Maduro's comments came just hours after the Colombian defence minister, Gabriel Silva, reiterated charges that the commander of the country's main Marxist rebel force, FARC, and several leaders from the smaller ELN rebel group were taking shelter in Venezuela.

Venezuela's president, Hugo Chavez, a fierce adversary of the US, says a military pact signed in October between Colombia and the US could set the stage for an American invasion of his country, a member of the Organisation of the Petroleum Exporting Countries (Opec) . He calls Colombia's president, Alvaro Uribe, a traitor to the region for signing the deal.

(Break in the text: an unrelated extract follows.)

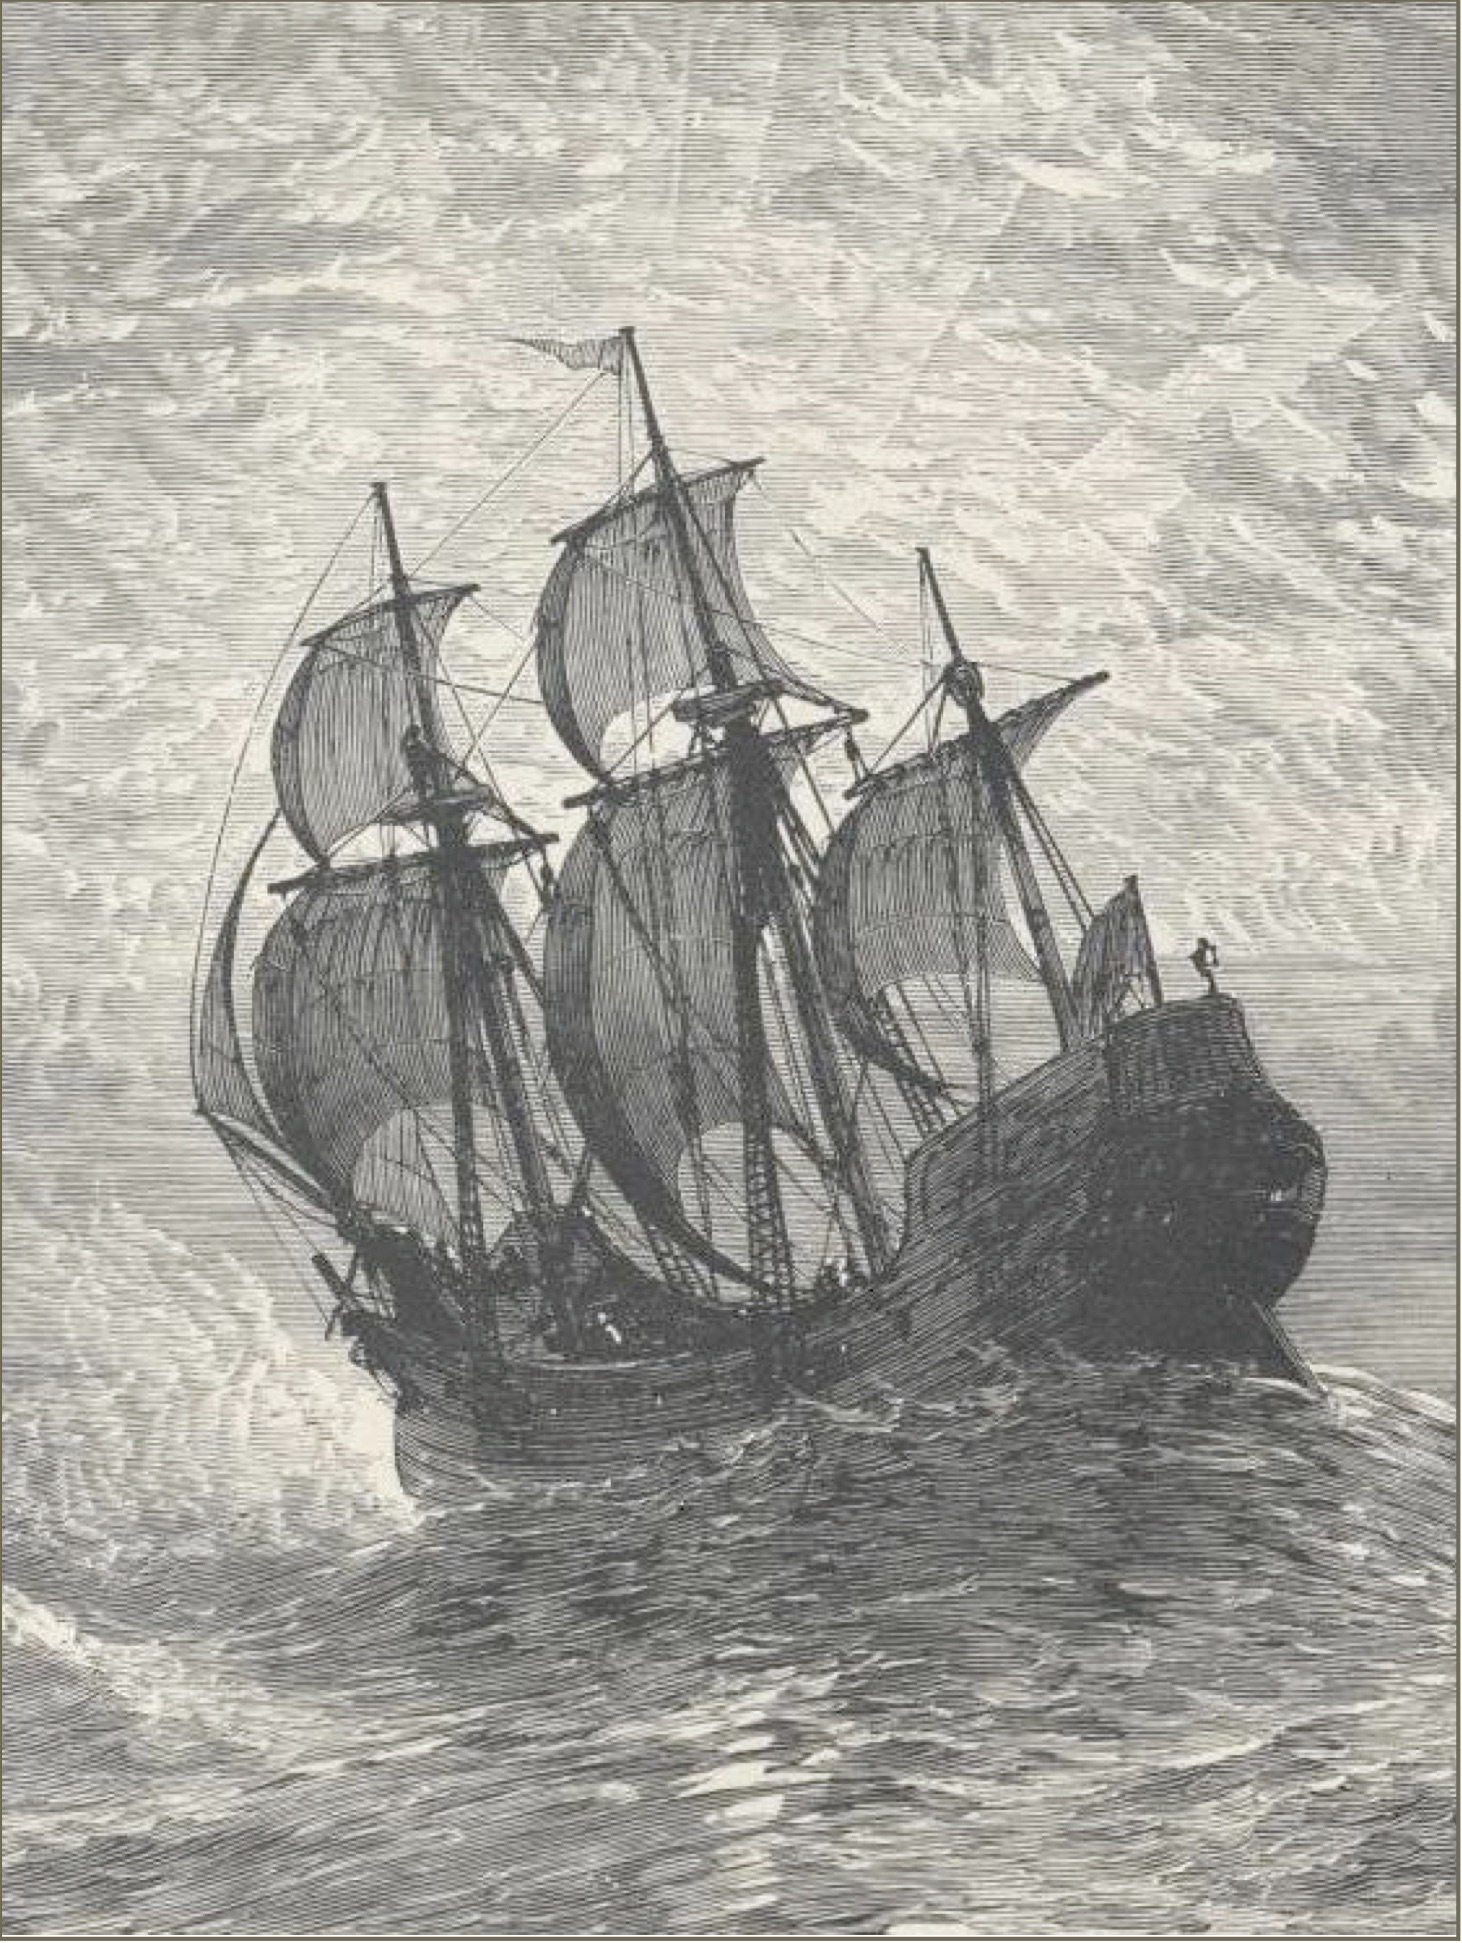 Engraving of the Mayflower

Washington and Bogota say the base plan will be used only for their long co-operation on anti-drug and counter-insurgency operations against rebels and drug gangs.

Venezuela and Colombia have often sparred about spillover from Colombia's long guerrilla war and over accusations Chavez has backed FARC rebels.

Both governments may be seeking to gain domestic leverage over the crisis, but Chavez has ratcheted up tensions by ordering his army commanders to prepare for war.